What the exercise asks
Reproduce the data below exactly. Skip the pictures.

Data below
###

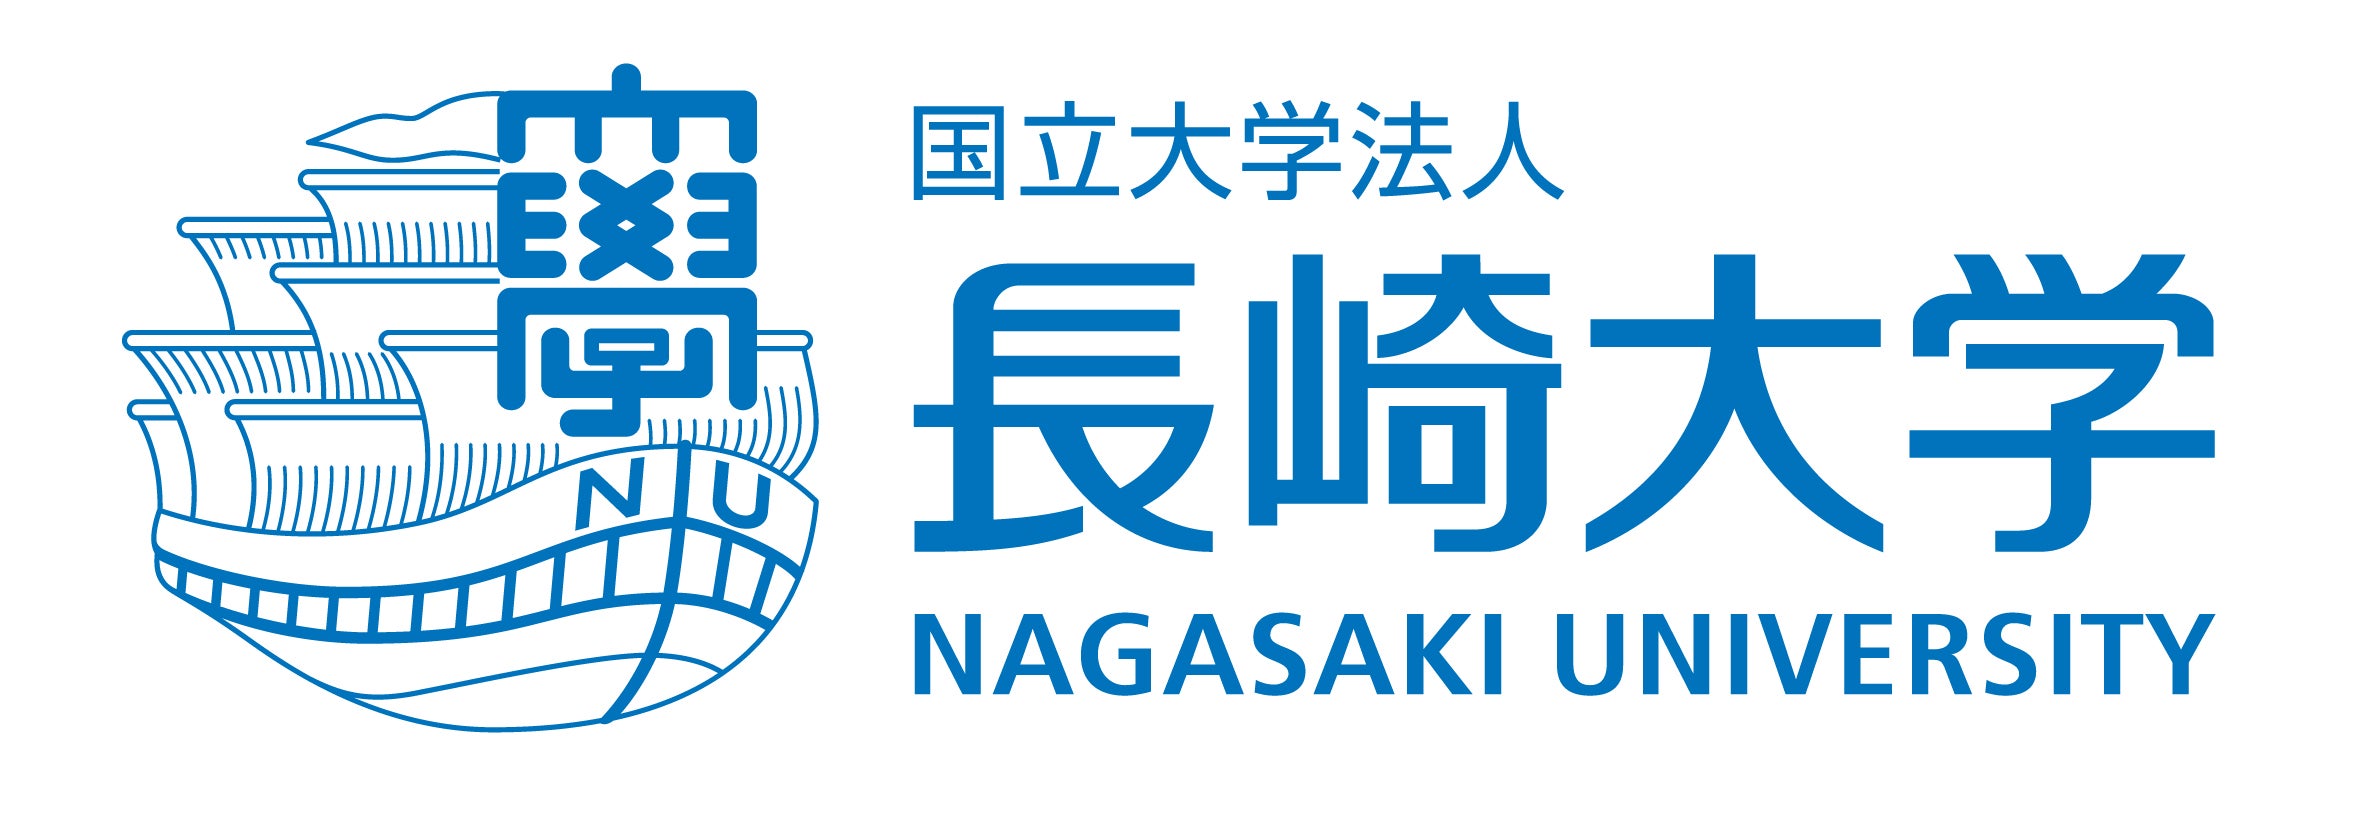 長崎大学 ロゴ
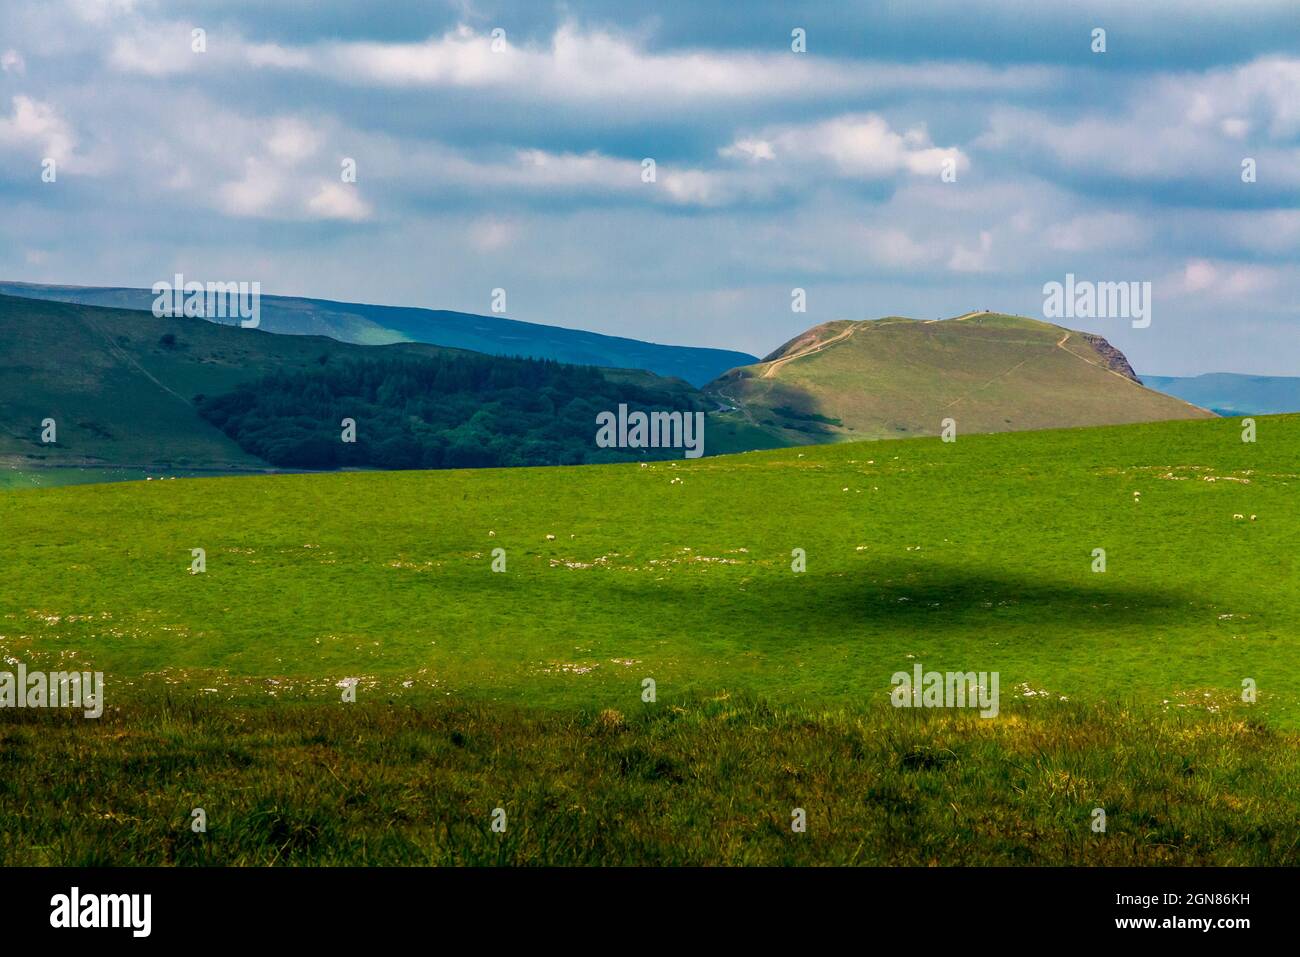 Paysage typique de Peak District avec MAM Tor en arrière-plan Peak District National Park Derbyshire Angleterre Royaume-Uni Banque D'Images
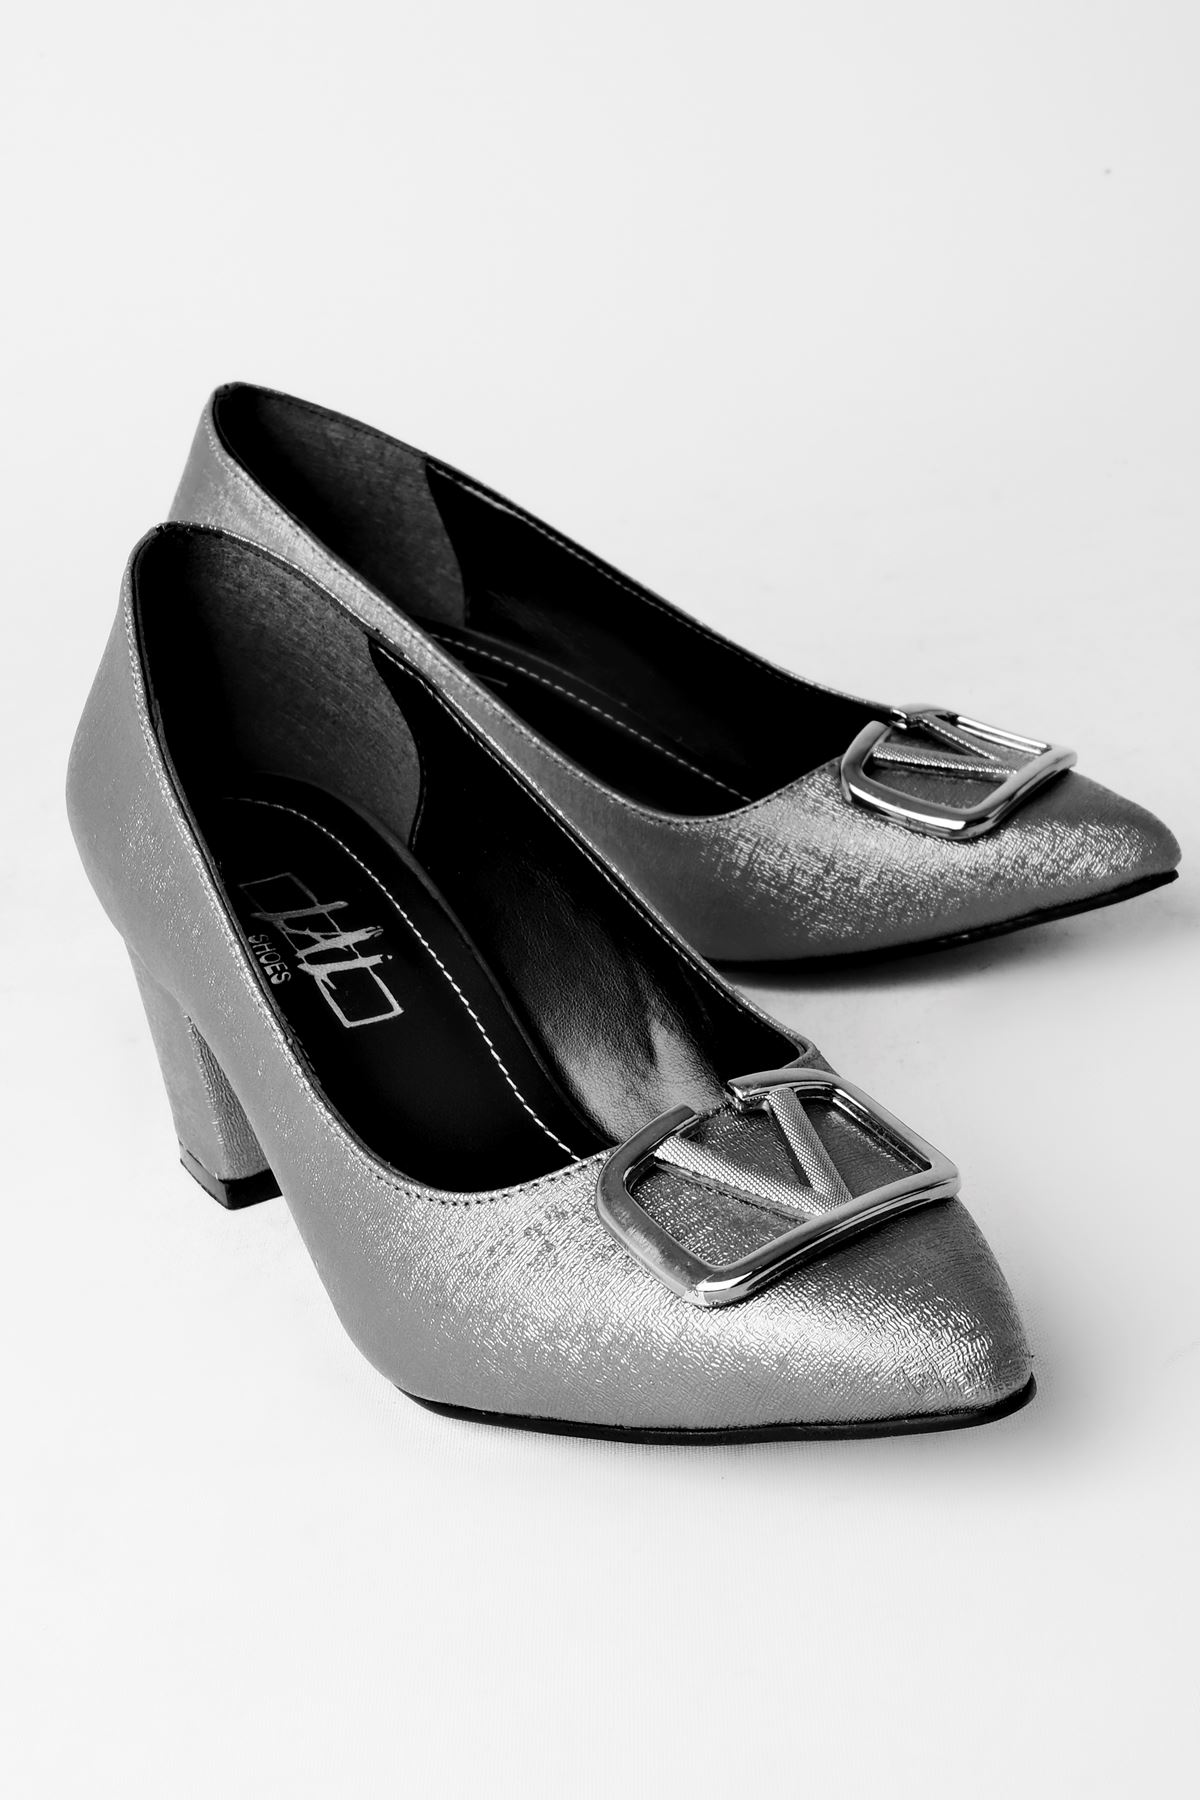 Daisy Kadın Topuklu Ayakkabı Metal V Detaylı-Gri

###

Written reply
 長崎大学 ロゴ
 Paysage typique de Peak District avec MAM Tor en arrière-plan Peak District National Park Derbyshire Angleterre Royaume-Uni Banque D'Images
 Daisy Kadın Topuklu Ayakkabı Metal V Detaylı-Gri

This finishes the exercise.